Second, we observe a substantially higher number of false positive estimates in predictions based on real-world aggregate signals than in estimates generated from denoised aggregate signals. False positives in this context mean that the NILM algorithms predicted the appliance to consume energy at times this was not the case. Such false positives impact the outcome of performance evaluations two-fold, as they increase the disaggregation error and decrease the estimation accuracy of NILM algorithms, respectively. We observed repeatedly that in the real-world case, the number of false-positive estimates is considerably higher than in the denoised case. We presume that those false positives are the result of algorithms confusing appliances with similar power consumption levels.

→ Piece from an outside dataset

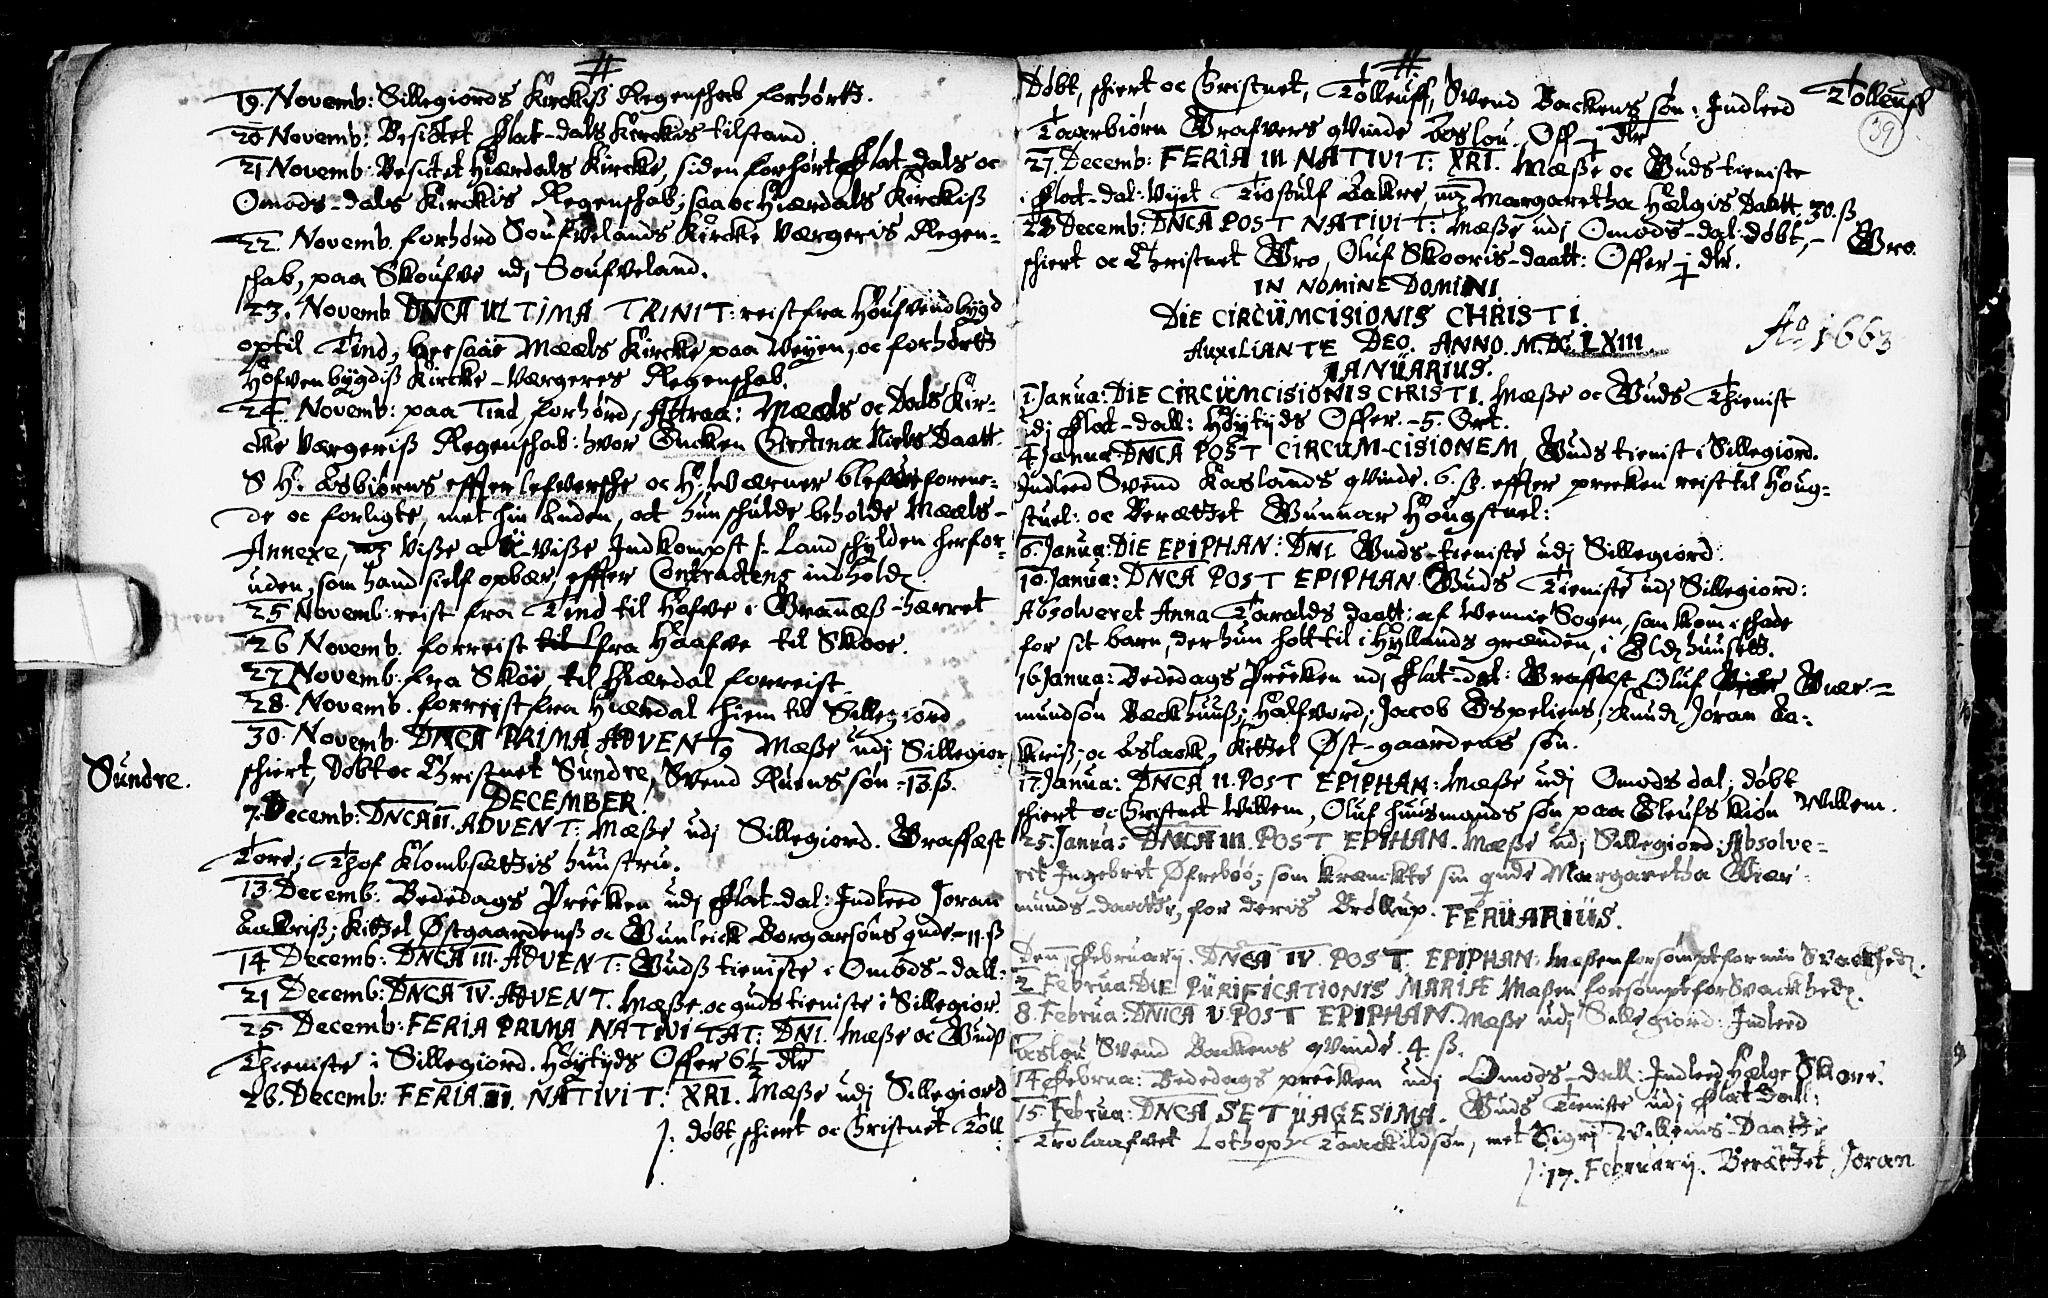 SAKO, Seljord kirkebøker, F/Fa/L0001: Ministerialbok nr. I 1, 1654-1686, s. 39

Based on the insights gained in this study, we can, however, not confirm a clear link between noise level, measured in NAR, and the magnitude of the performance gap between testing on real and denoised aggregates. We suspect this is due to the fact that every load disaggregation problem bears individual challenges to load disaggregation algorithms, making a comparison between moderate and high noise levels cumbersome. Though such a positive correlation between noise level and the magnitude of the performance gap could not be confirmed by our evaluation, we demonstrated that it has to be expected that testing on denoised aggregates results in lower disaggregation errors in the majority of test runs. Yet, we would like to stress the need for further investigation into the complexity of load disaggregation problems.

Conclusions

Motivated by the use of both, real and denoised aggregates in the evaluation of NILM algorithms in related work, we have investigated the performance gap observed between artificial sums of individual signals and signals obtained from real power meters. First, we utilized a noise measure, the noise-aggregate ratio NAR, to determine the noise level of real-world aggregate signals found in energy datasets. We find that noise levels vary substantially between households. We give insights on the experimental setup employed in our studies, comprising one basic and two more advanced NILM algorithms applied to data from three households with ascending noise levels. Our results show that a significant performance gap between the real and the denoised signal testing case can be identified in virtually all evaluation runs, provided a sufficiently high noise-aggregate ratio. Though some exceptions were observed, those cases can be well explained. Hence, we claim that testing on denoised aggregate signals can lead to a distorted image of the actual capabilities of load disaggregation algorithms in some cases, and ideally, its application should be well-considered when develo** algorithms for real-world settings.